A city built on impermanence -- and that's OK
SHANGHAI — 'Most of them are so superbly ugly that they're exciting." That's what Qingyun Ma, dean of the architecture school at USC, told me last Tuesday afternoon when I asked him what he thought of this city's remarkable explosion of skyscrapers.
We were in a taxi heading east on the elevated Yan'an Highway, in the heart of the city, continuing a conversation we had started an hour earlier in a conference room at the architecture firm he runs here in the French Concession neighborhood.
A year and a half after coming to L.A. to take over the architecture department at USC, Ma, 42, a Chinese citizen, is just finishing the renovation of his house near the Rose Bowl in Pasadena. He's officially in L.A. during the academic year, and he spends his summers in Shanghai running his firm, MADA s.p.a.m. (the lowercase letters stand for strategy, planning, architecture and media). But the peripatetic Ma also seems to be a global nomad, spending much of his time at 35,000 feet above sea level, crisscrossing the globe sharing his views on architecture and obsolescence.
Part salesman, part philosopher, Ma prides himself on being able to articulate what he thinks are the most important principles of contemporary architecture: 1) Architecture is more about ideas than materials; 2) Ideas should not be inscribed in stone forever; 3) The idea has to be beautiful; and 4) Architecture has to be for others.
I'm not entirely sure how all of this fits together, but I get his message about impermanence. It all goes back to the skyscrapers and why ugliness excites him.

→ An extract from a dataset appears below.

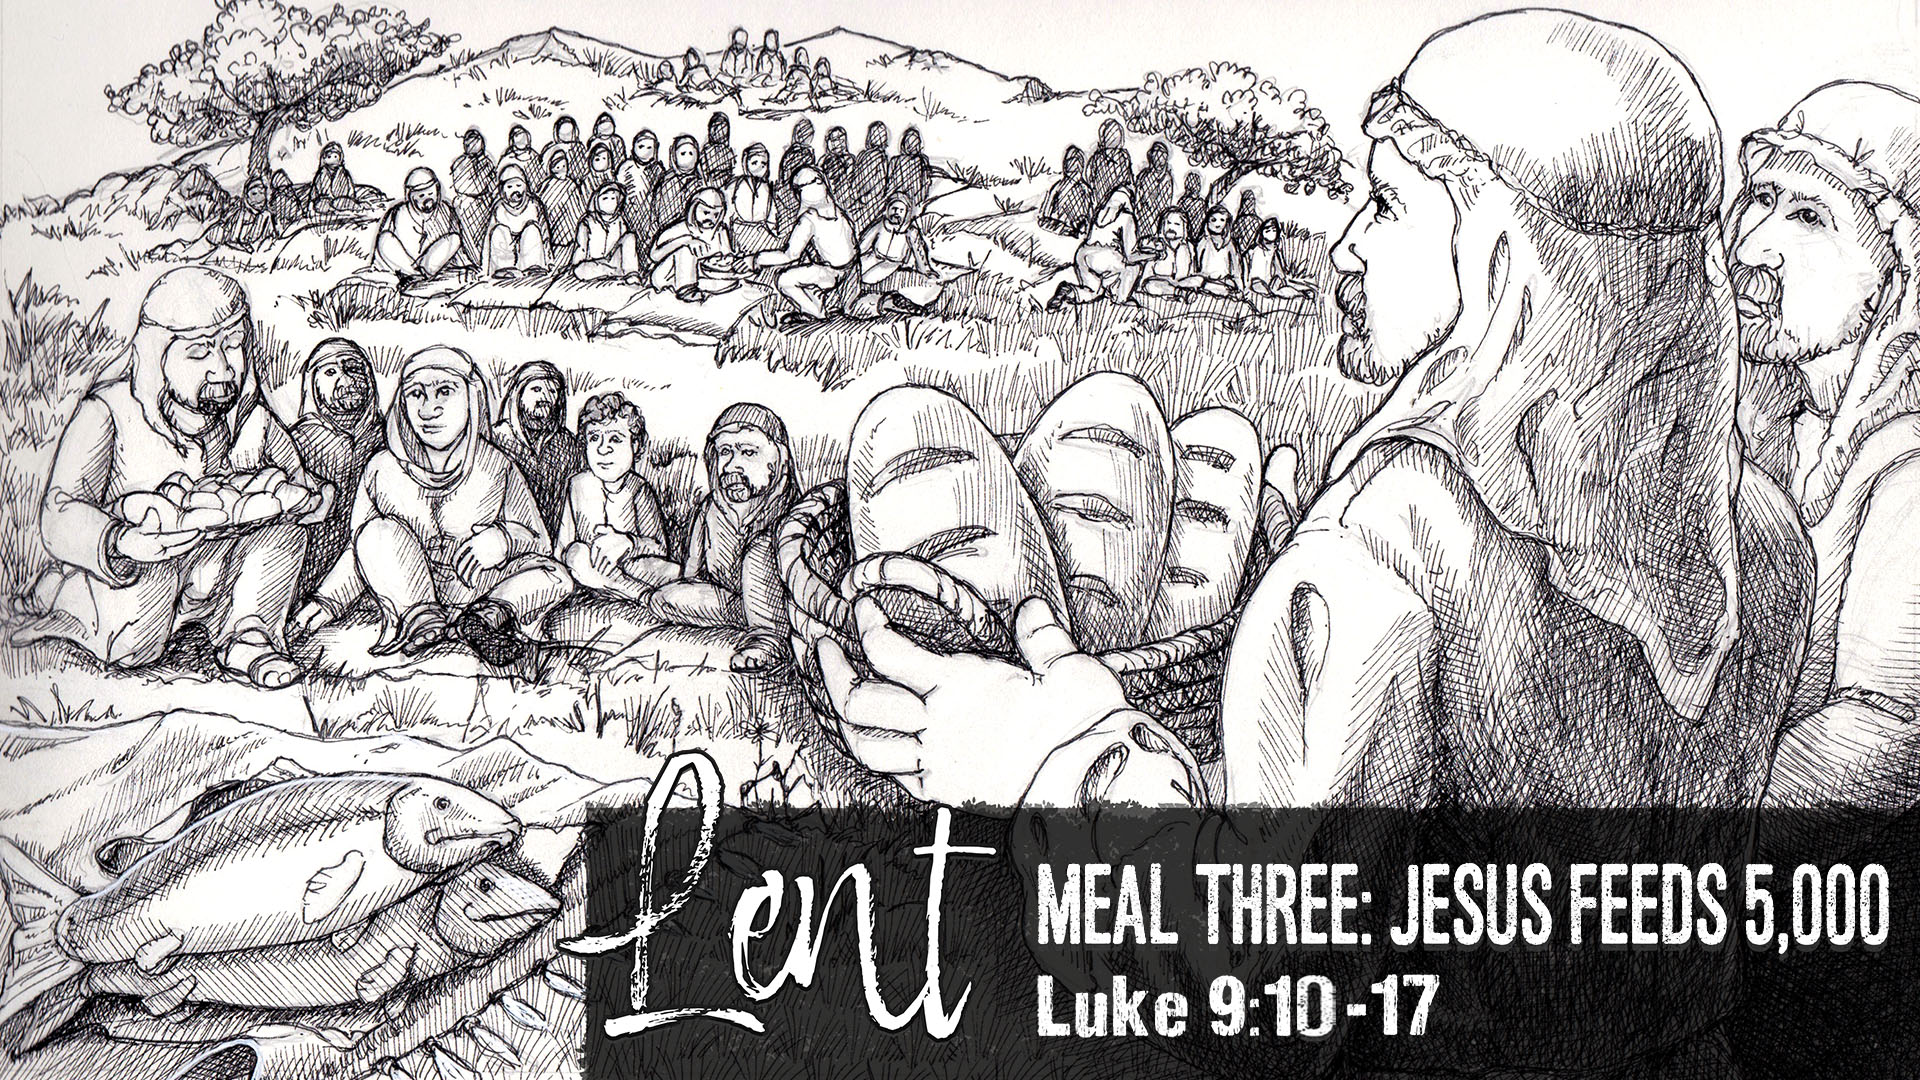 Image for the sermon Jesus Feeds 5,000 (Meal Three)

"If they're ugly, they'll be torn down sooner," he explained before launching into a critique of historic preservation. Even as Westerners marvel at the enormity of China's urban building boom, they also tend to bemoan the ongoing demolition of the country's architectural patrimony. Even my guidebook complains about China's "perverse delight in destroying its own heritage" and the fact that in Shanghai, an enormous city of 19 million souls, only 600-odd buildings have been designated as protected historical sites, compared with nearly 40,000 in London.
Ma sheds no tears for the quaint buildings that have given way to thousands of new structures -- and they aren't all ugly by any means. In fact, he barely conceals his disdain for architectural nostalgia. "The concept behind historic preservation is foolish," he said. "It assumes that there is infinite space for future generations. We have to allow people in the future to build their environments based on their own needs and intelligence."